Ketegangan dan stres dalam rumah tangga tidak selalu berasal dari konflik besar. Hal-hal kecil dan sepele pun, jika dibiarkan, dapat menumpuk menjadi beban yang berat. Memahami ini, bijak kiranya kita menjaga dialog yang terbuka dan jujur. Michel Foucault menggarisbawahi pentingnya wacana atau diskursus sebagai sarana untuk memahami dan memecahkan permasalahan sosial. Di dalam rumah, diskursus ini mewujud dalam bentuk komunikasi yang efektif dan penuh empati antar anggota keluarga. Komunikasi semacam ini tidak hanya menyelesaikan konflik, tetapi juga membangun ikatan emosional yang lebih kuat.
Menurut pandangan Al-Farabi, filsuf Muslim lainnya, kebahagiaan (sa'ada) adalah tujuan utama kehidupan manusia, dan itu dapat diraih melalui kebajikan dan pengetahuan. Jika diterapkan dalam konteks rumah tangga, setiap individu harus berupaya memperdalam pemahaman dan kesadaran akan peran mereka masing-masing. Menumbuhkembangkan kebajikan dalam interaksi sehari-hari menjadi pondasi yang kokoh bagi kesehatan mental setiap anggota keluarga, meminimalkan potensi konflik serta memperkuat rasa saling menghormati dan kasih sayang.
Pendekatan lain yang bisa diambil adalah dengan mempraktikkan mindfulness, sebuah konsep yang sebenarnya telah lama ada dalam ajaran Islam berupa tafakur atau meditasi. Dengan menciptakan ruang untuk mindfulness, kita memberi kesempatan pada diri untuk mengalami dan menerima keadaan dengan objektif. Ini merupakan refleksi dari pendapat Jalaluddin Rumi yang mengatakan, "Ketenangan adalah kunci yang membuka pintu surga kedamaian dan kebahagiaan." Mempraktikkan mindfulness di tengah hiruk-pikuk rumah tangga mendorong kita untuk hadir secara utuh dan responsif terhadap kebutuhan anggota keluarga.

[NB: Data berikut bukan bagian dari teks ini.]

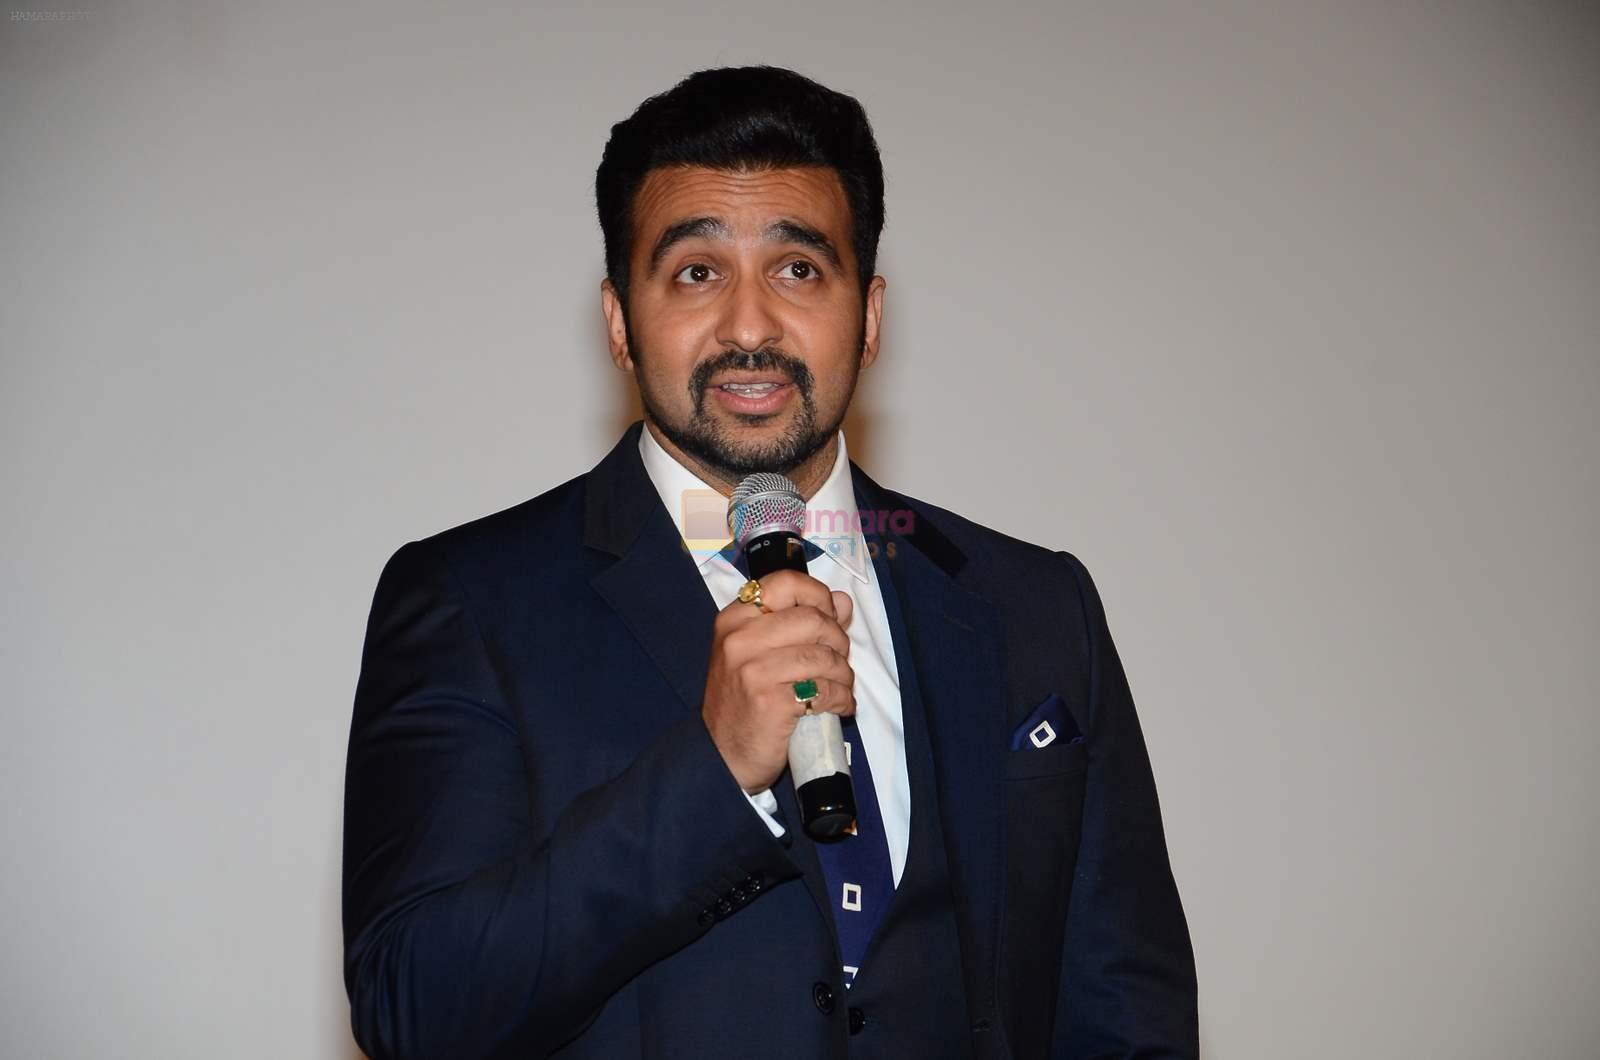 Raj Kundra at Shilpa's new home shop venture in PVR on 5th March 2015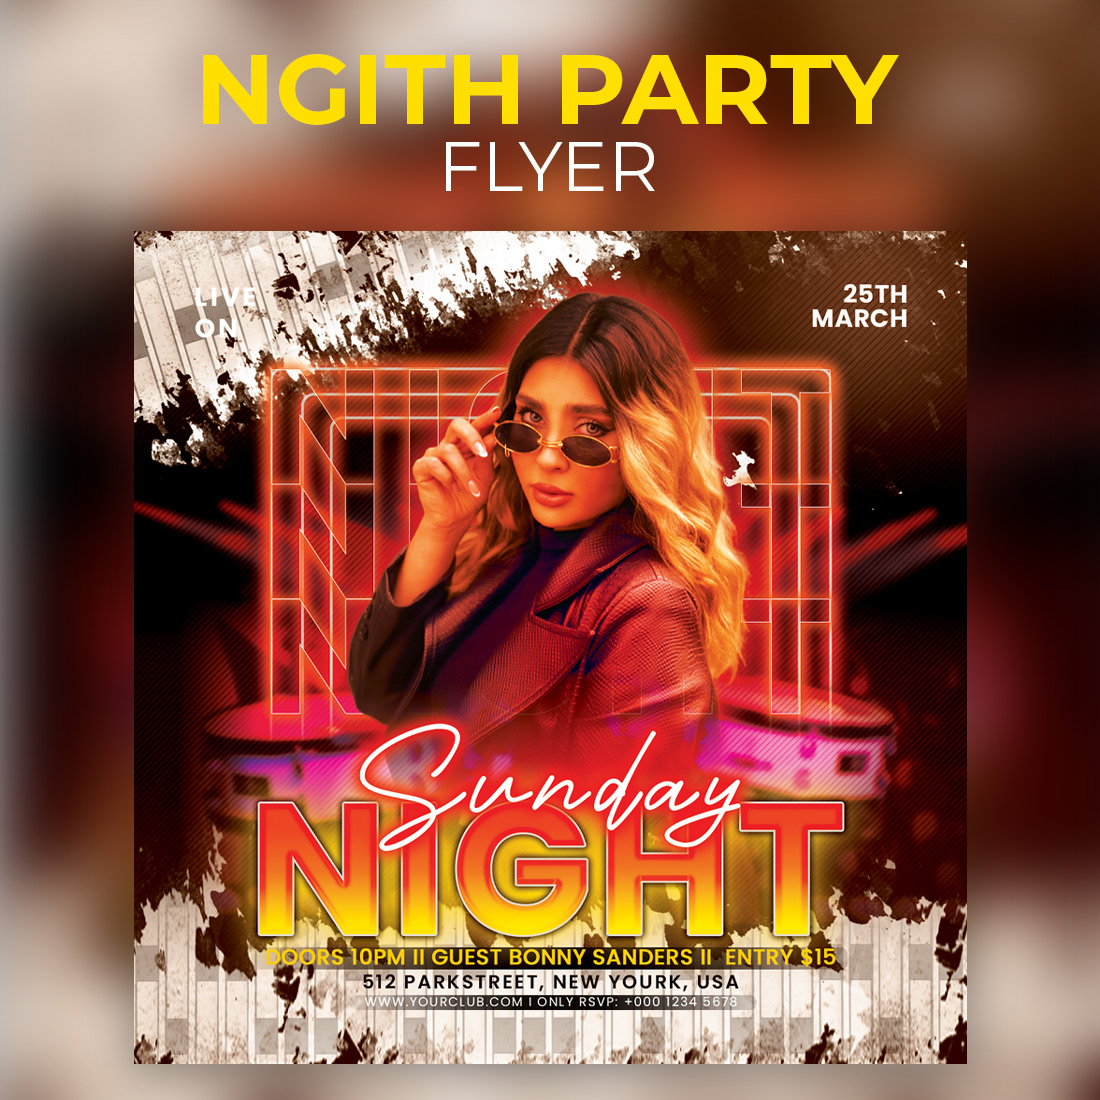 Night Party Flyer Template cover image.

Filsafat perilaku menekankan bahwa tindakan kita bukanlah hasil dari keputusan yang spontan, melainkan merupakan hasil dari serangkaian proses kognitif dan emosional yang kompleks. Dalam rumah tangga, perilaku dan sikap yang muncul dalam konflik sering kali merupakan cerminan dari masalah atau kebutuhan yang lebih mendasar. Dengan menyadari hal ini, kita dituntut untuk memahami lebih dalam akar permasalahan tersebut dan melihatnya sebagai kesempatan untuk bertumbuh.
Konflik rumah tangga, jika dikelola dengan baik, dapat berfungsi sebagai cermin yang menyadarkan kita akan aspek-aspek diri yang perlu diperbaiki. Nietzsche menuturkan, "Apa yang tidak membunuhku, membuatku lebih kuat."Â Dalam konteks ini, konflik bukanlah akhir dari keharmonisan, melainkan sebuah proses yang membawa kita pada pemahaman yang lebih dewasa dan matang tentang hubungan antar manusia.